製品・商品の製造販売をする上で、製品・商品の外部又は内部に「異物」が付着したり、混入したりするケースが稀にあります。得意先や消費者が発見した場合には、「クレーム」として営業担当が持ち帰り、場合によっては損害賠償になるということもあり得ます。事後処理の再発防止対策であれ、未然防止であれ、異物の発生・付着・混入を防ぐためにも、異物の発生箇所の特定や、発生原因・混入原因を突き止める必要があります。

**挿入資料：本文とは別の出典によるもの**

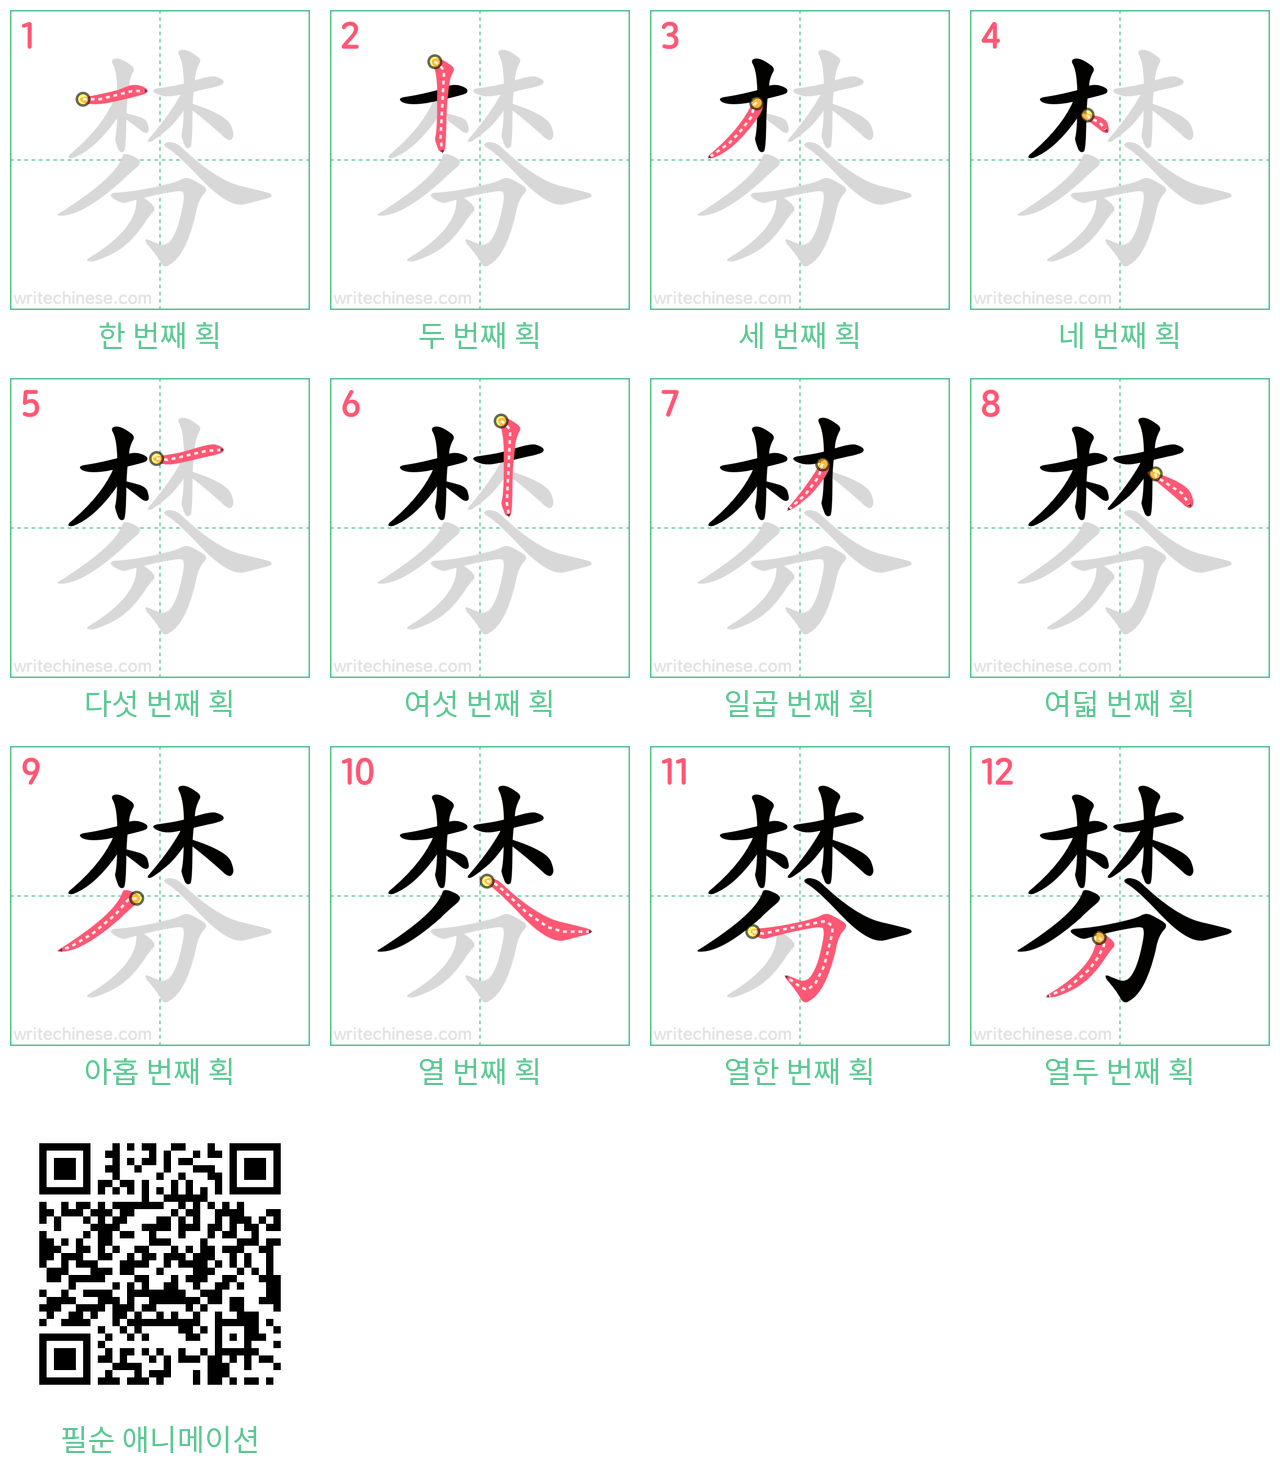 棼 step-by-step stroke order diagrams
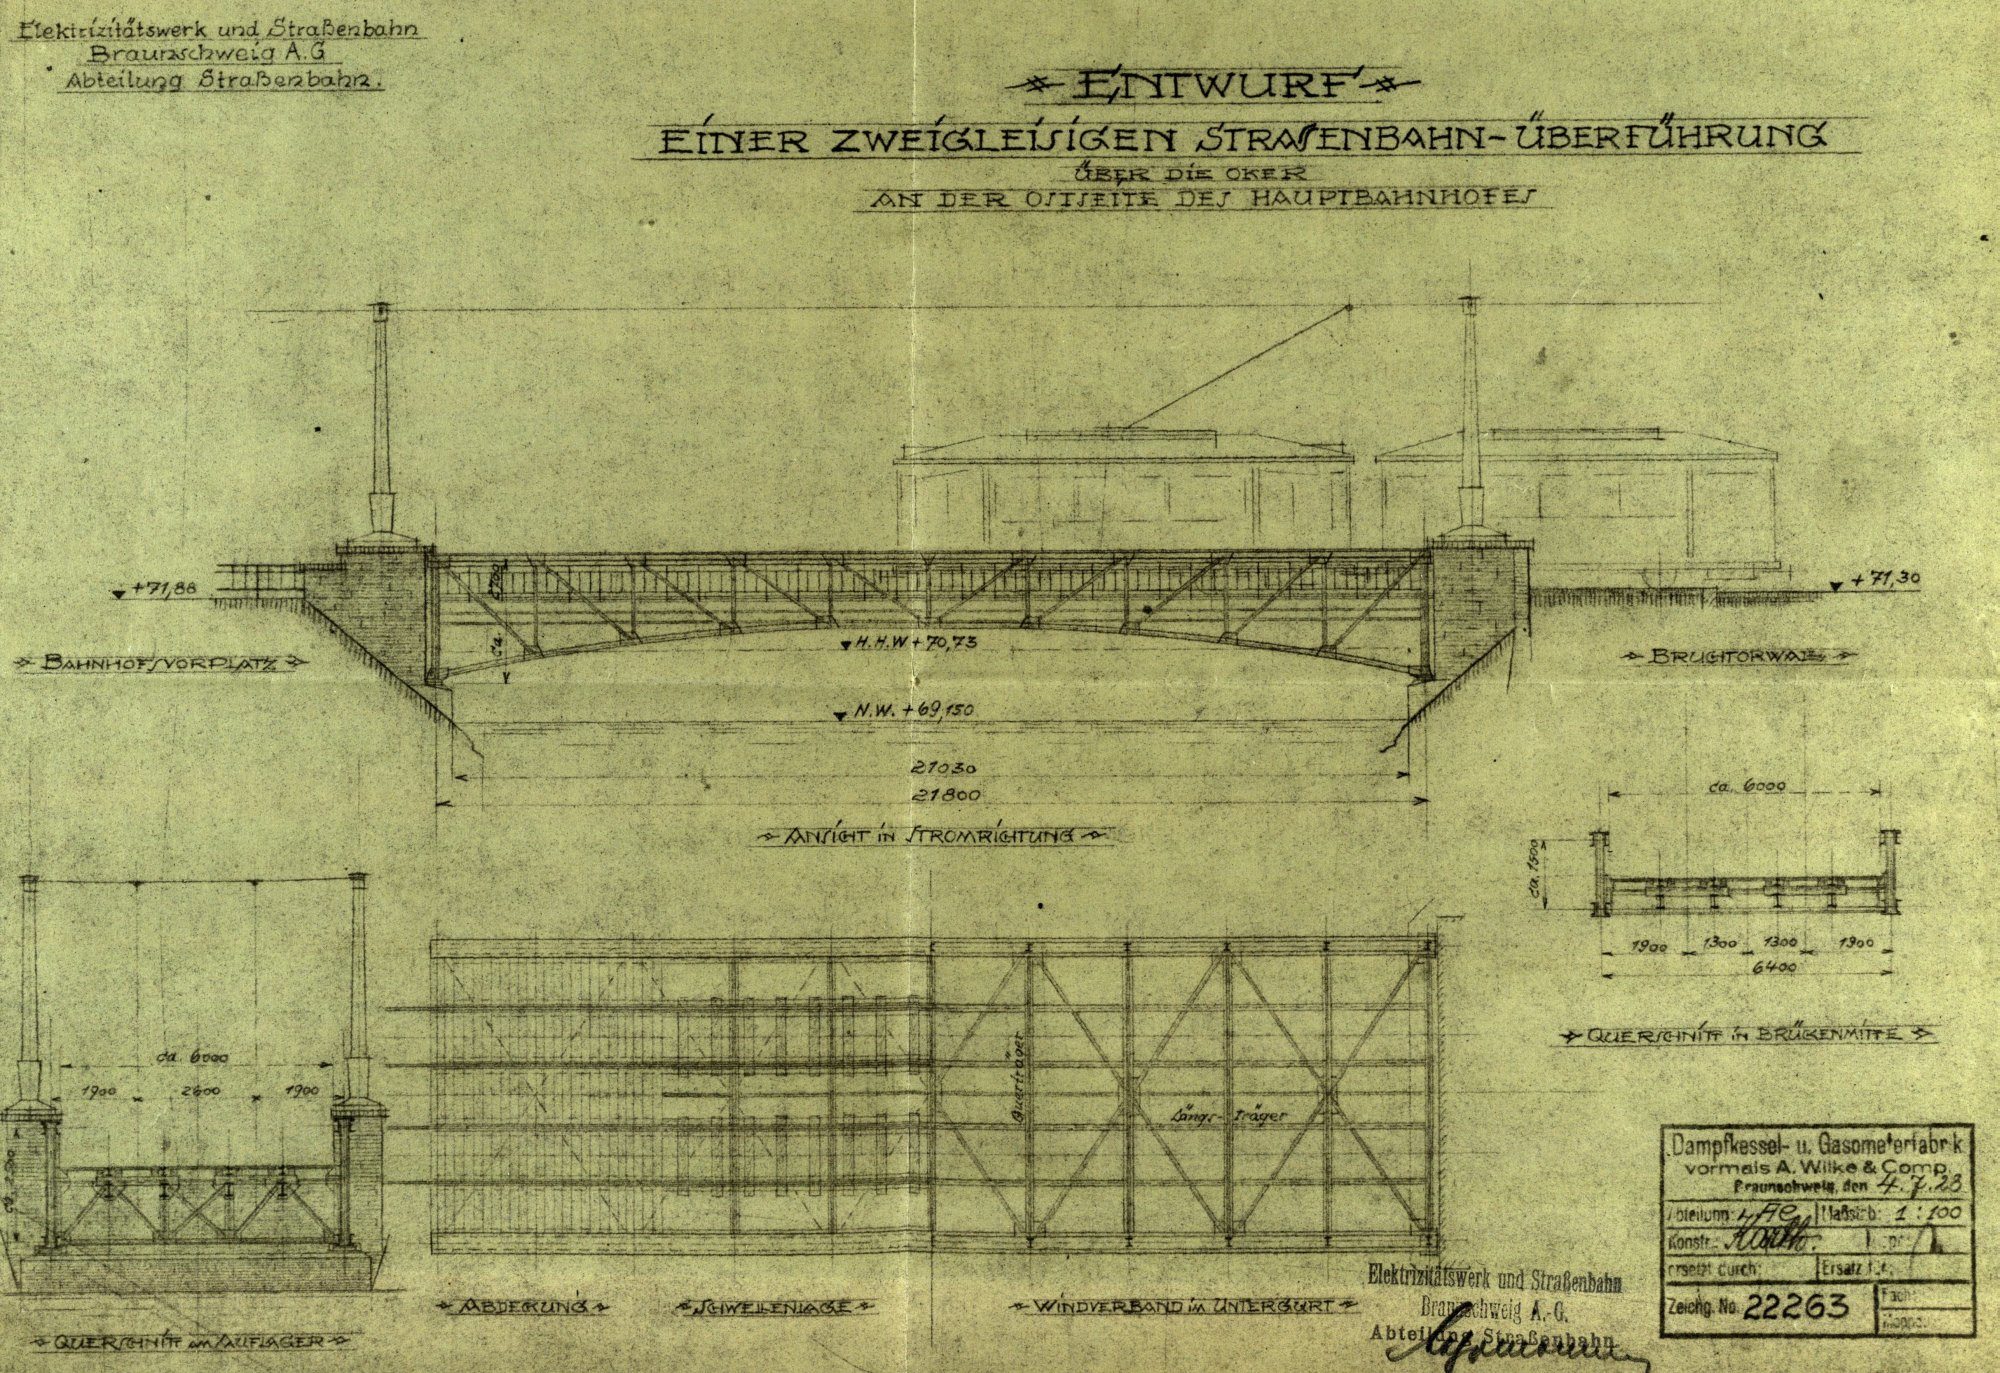 Bahnhofsbrücke, Umbauplan der östlichen Brücke für Straßenbahnverkehr, 1928

この科学的な分析方法を、総じて「異物分析」と製造業界では言われていますね。カイゼン活動の一環としても、クレーム処理としても、とても重要な作業となります。
工学修士・技術コンサルタントで経験者である「あすも あらた」が、「異物分析」について徹底解説します!
「異物分析」の流れについて解説します!
【1】異物(検体)の確保:サンプリングが最も重要!
サンプリングの方法は、異物の形態(油状か固形状かなど)や大きさなどにもよります。固形であれば、「シャーレ」(中学の理科の実験で使ったガラスケース)を用い、液状でしたら、「保存ビン」を使うのが一般的です。新品に限定するなら、「チャック付きのビニル袋」もよくつかわれます。ピンセットや実験用の匙(スプーン)でサンプリングします。
サンプリングは分析の最初の段階ですので、最も重要な工程となります。よって、以下のようなNG例も存在します。
NG例
異物を「セロハンテープ」に貼り付けて持ってきましたよ!品管さん、分析してっ!
品質管理部以外の異物分析の素人さんがよくやりがちなミスとしては、「素手」でつかみ、「セロハンテープ」で「紙」にベッタリ貼り付けたりして持ってくるケースがあります。手の油脂の成分やセロハンテープの有機物成分も混在してしまい、異物分析しにくくなりますので、NGとなります。
なんとっ!すまぬっ!
人の手の脂やセロハンテープ「単体」のFT-IR分析も行って、混合物との「差分」(引き算)で、異物のデータのみを抽出する高等テクニックもありますよ!経験やカンなども必要になってきてしまいますし、分析に失敗することもあり得ます。よって、やむを得ない場合に限って「差分」で行ったりします。やっぱり、サンプリングは慎重にお願いしたいですよね!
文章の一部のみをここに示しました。